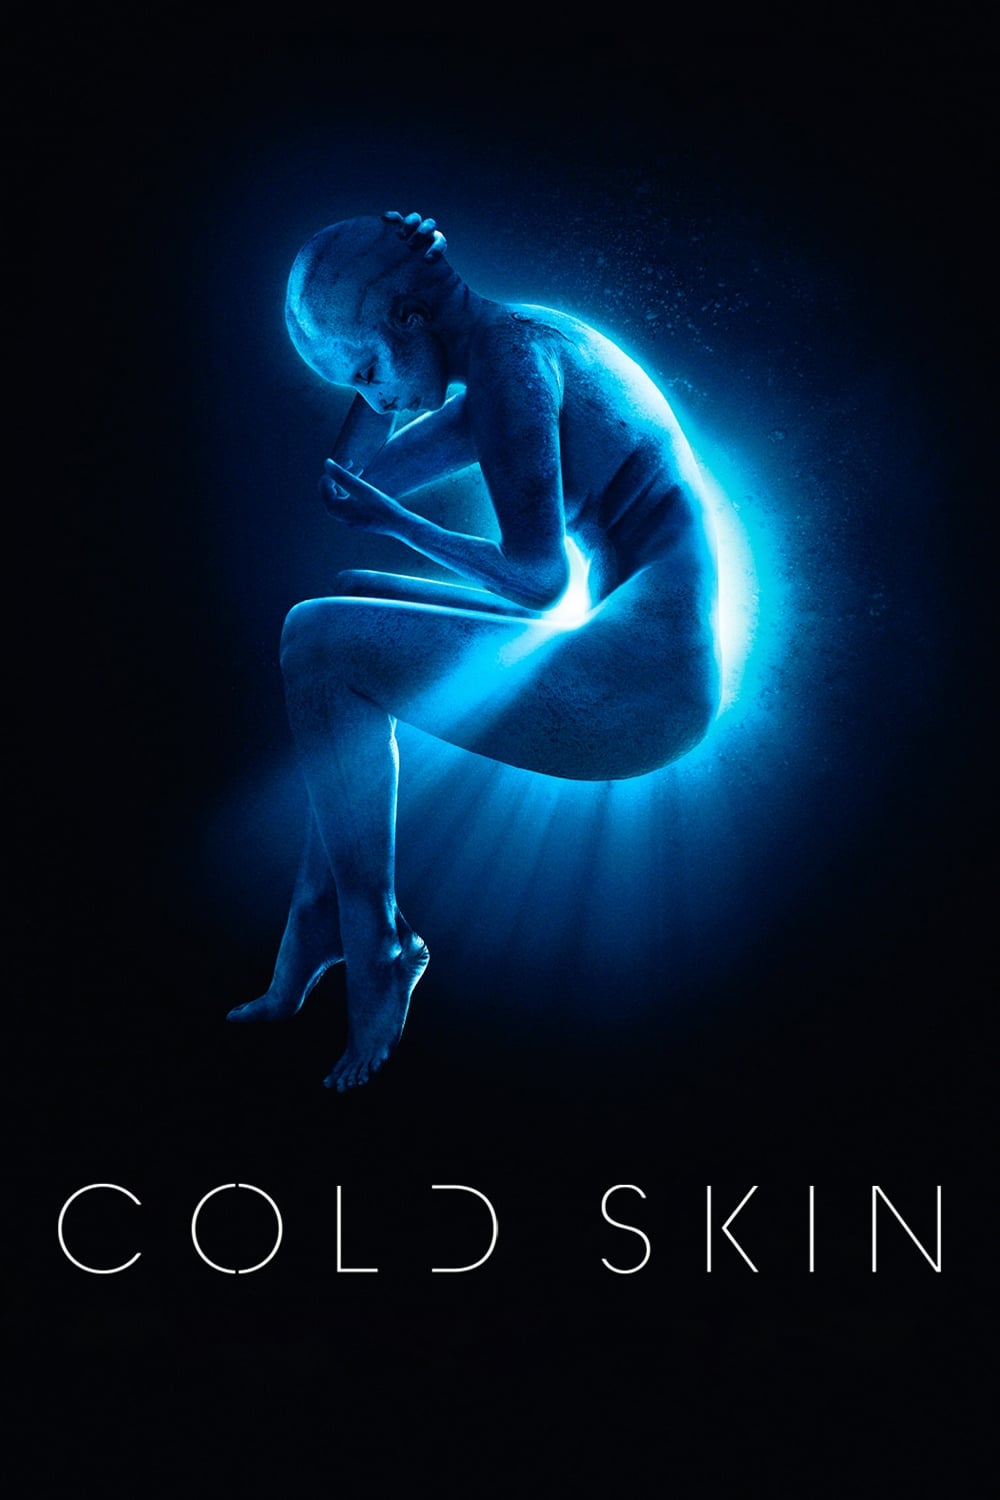 Cold Skin
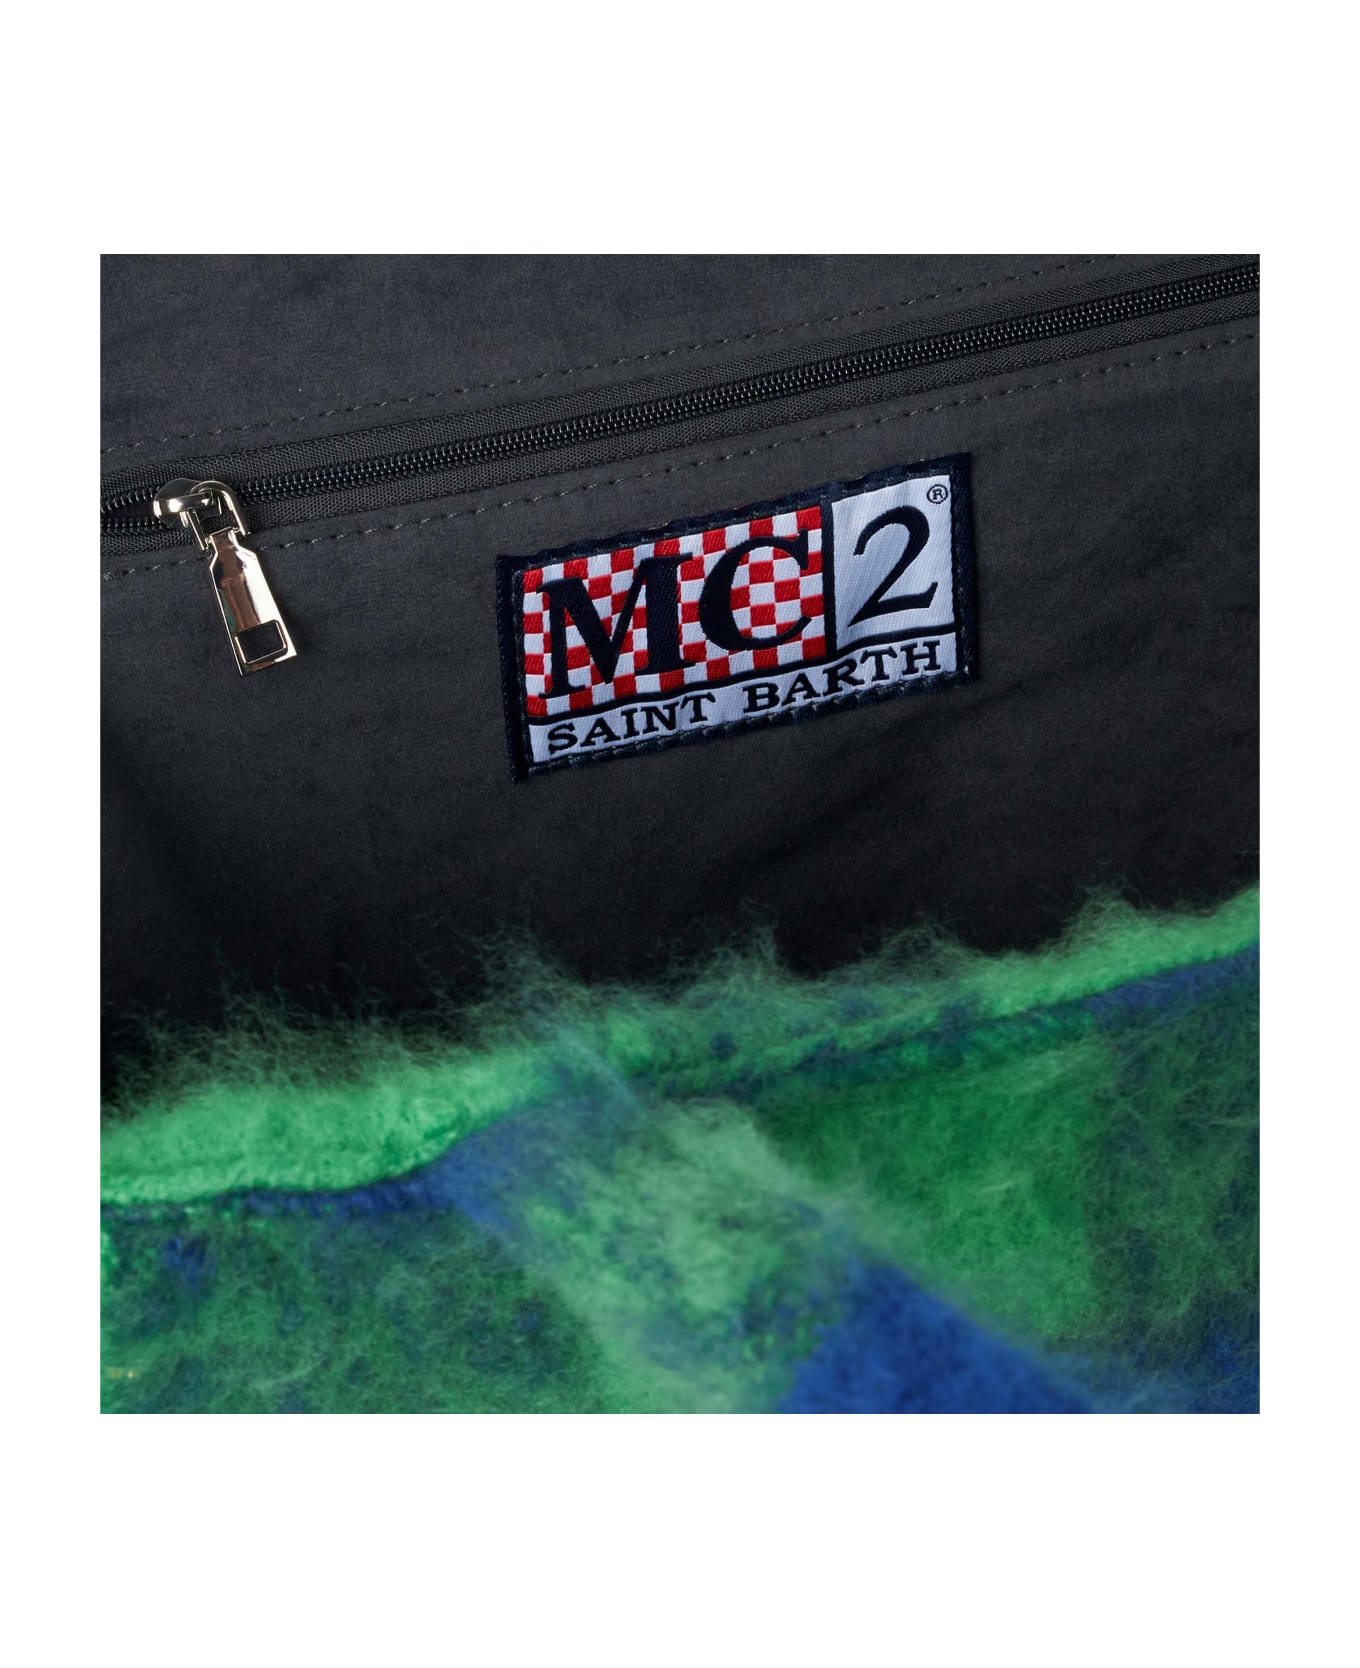 MC2 Saint Barth Vanity Blanket Shoulder Bag With Green And Blue Check - MULTICOLOR
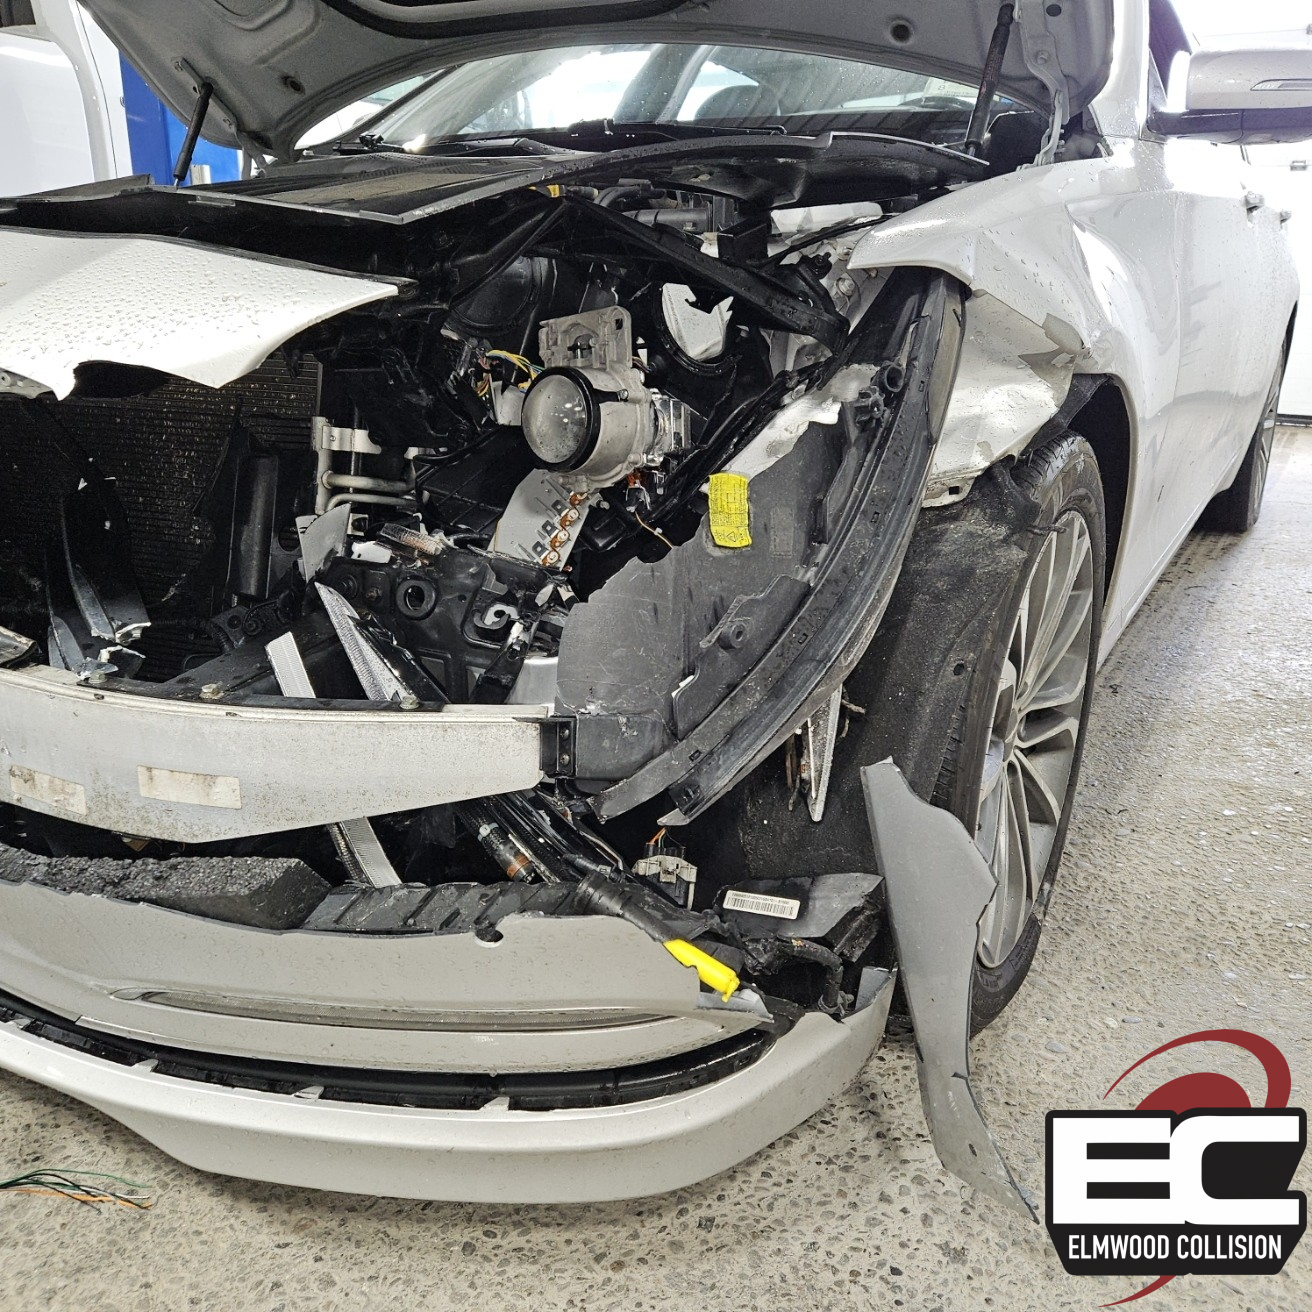 get your collision damage estimate at elmwood collision
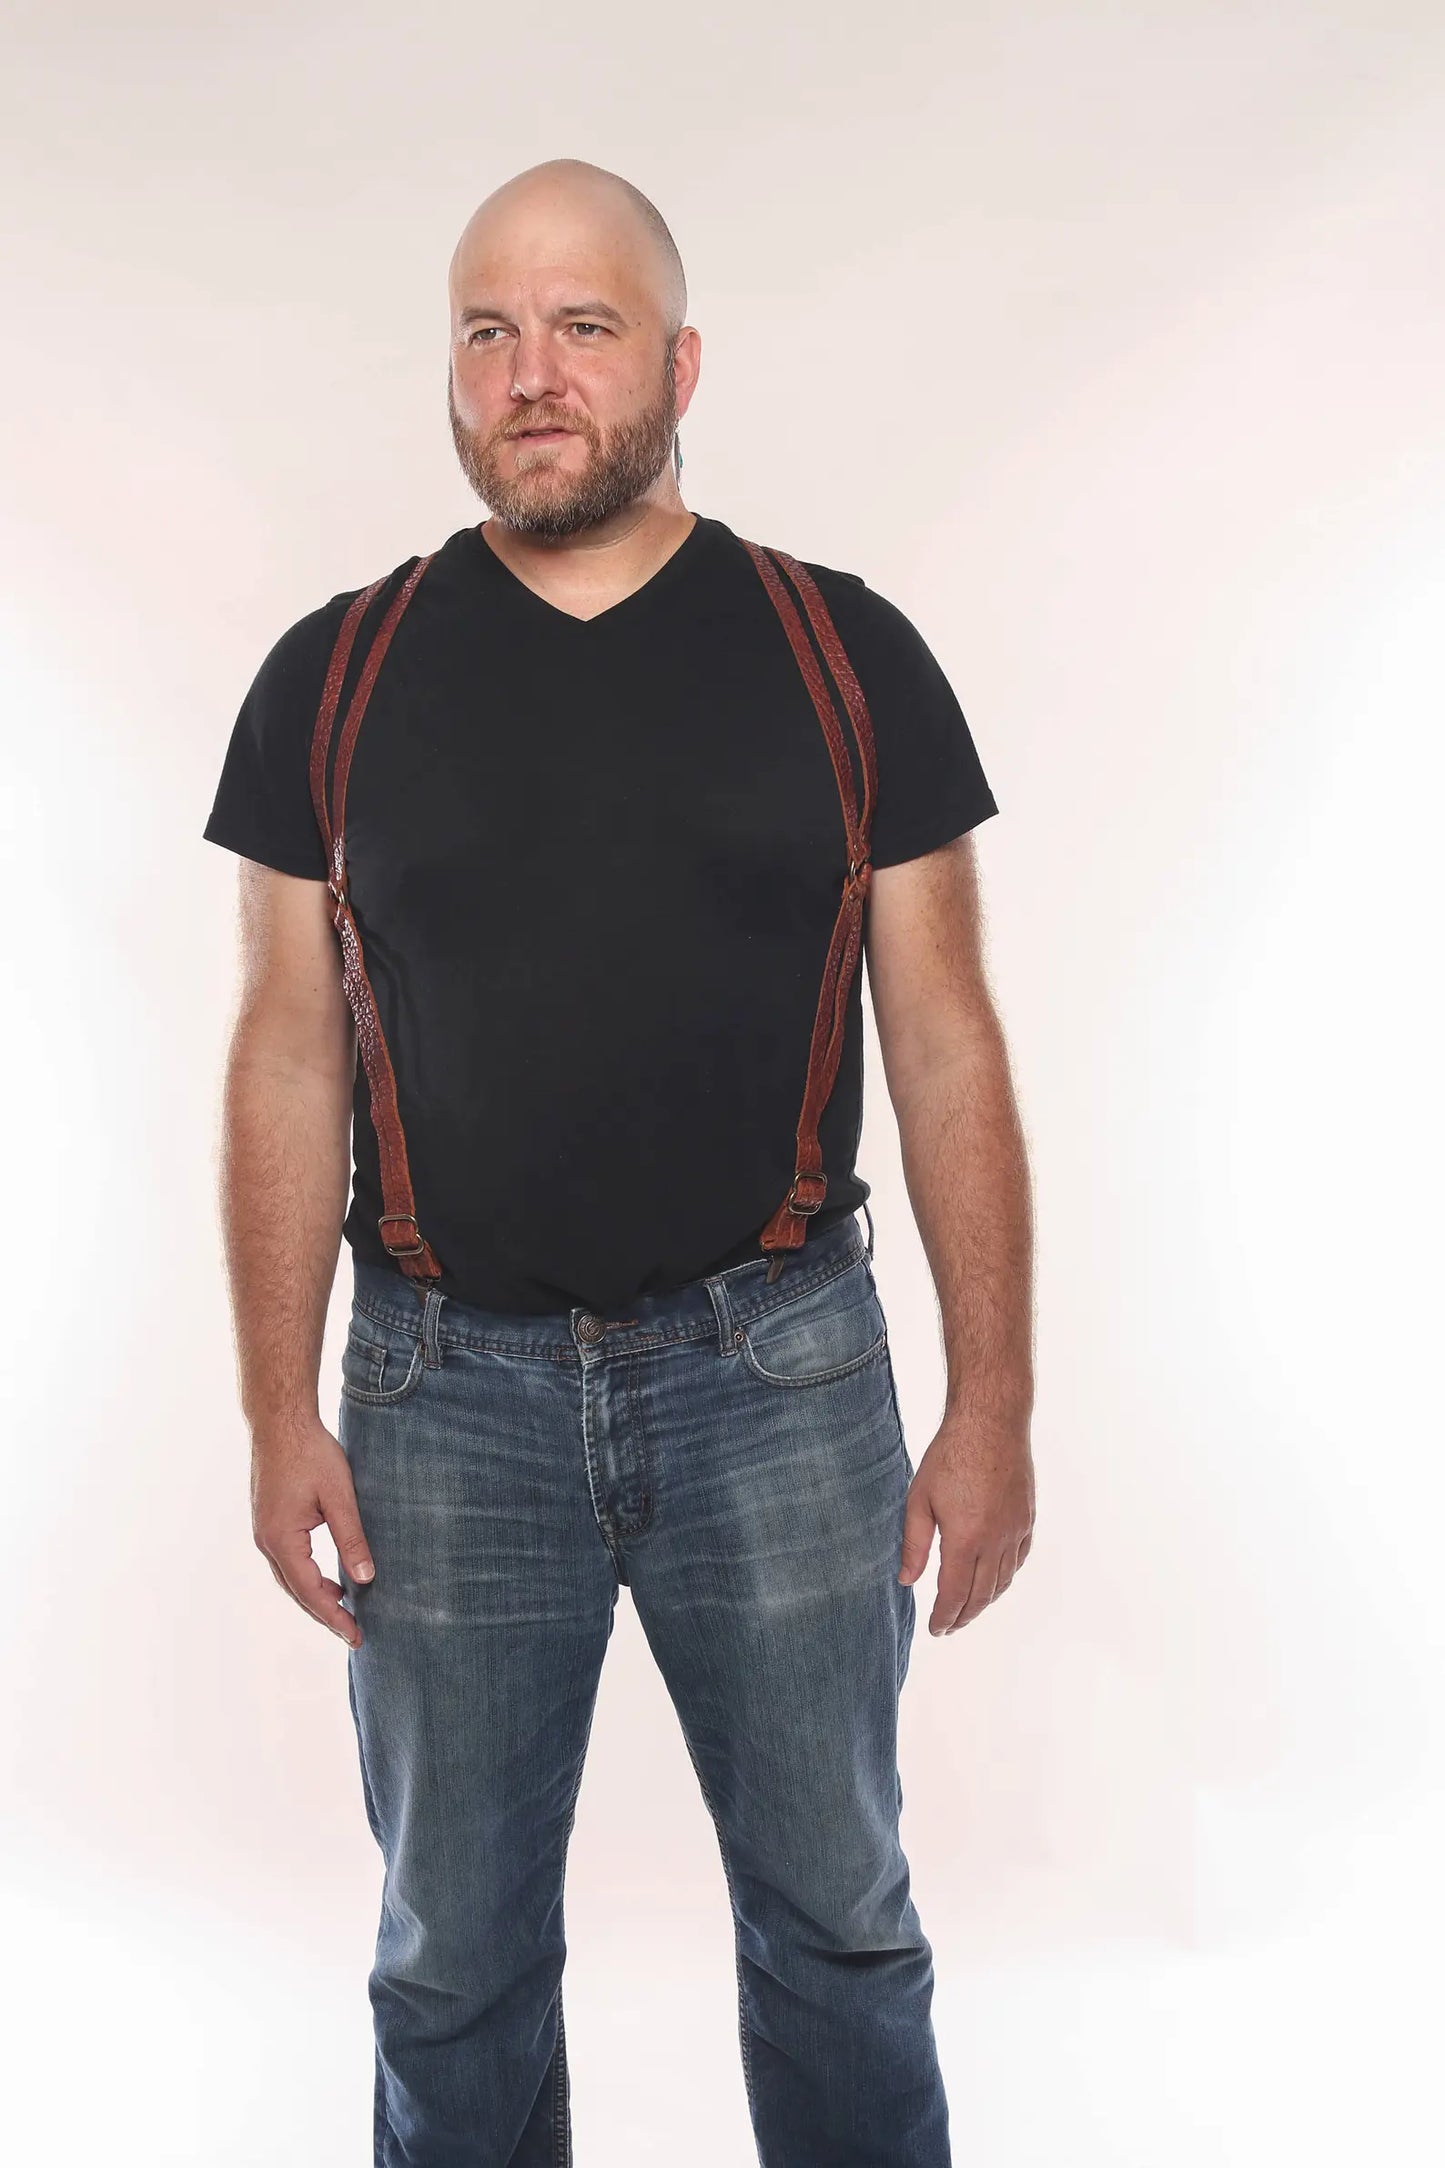 Martingale Leather Suspenders
··········
▸ **ASSIGNMENT**:
Beginning with the line where "MC2 Saint Barth" appears, reproduce every remaining line of the listing above, the last one included, but none of the pictures.

▸ **THE COMPLETED TASK**:
 MC2 Saint Barth Vanity Blanket Shoulder Bag With Green And Blue Check - MULTICOLOR
 get your collision damage estimate at elmwood collision
 Martingale Leather Suspenders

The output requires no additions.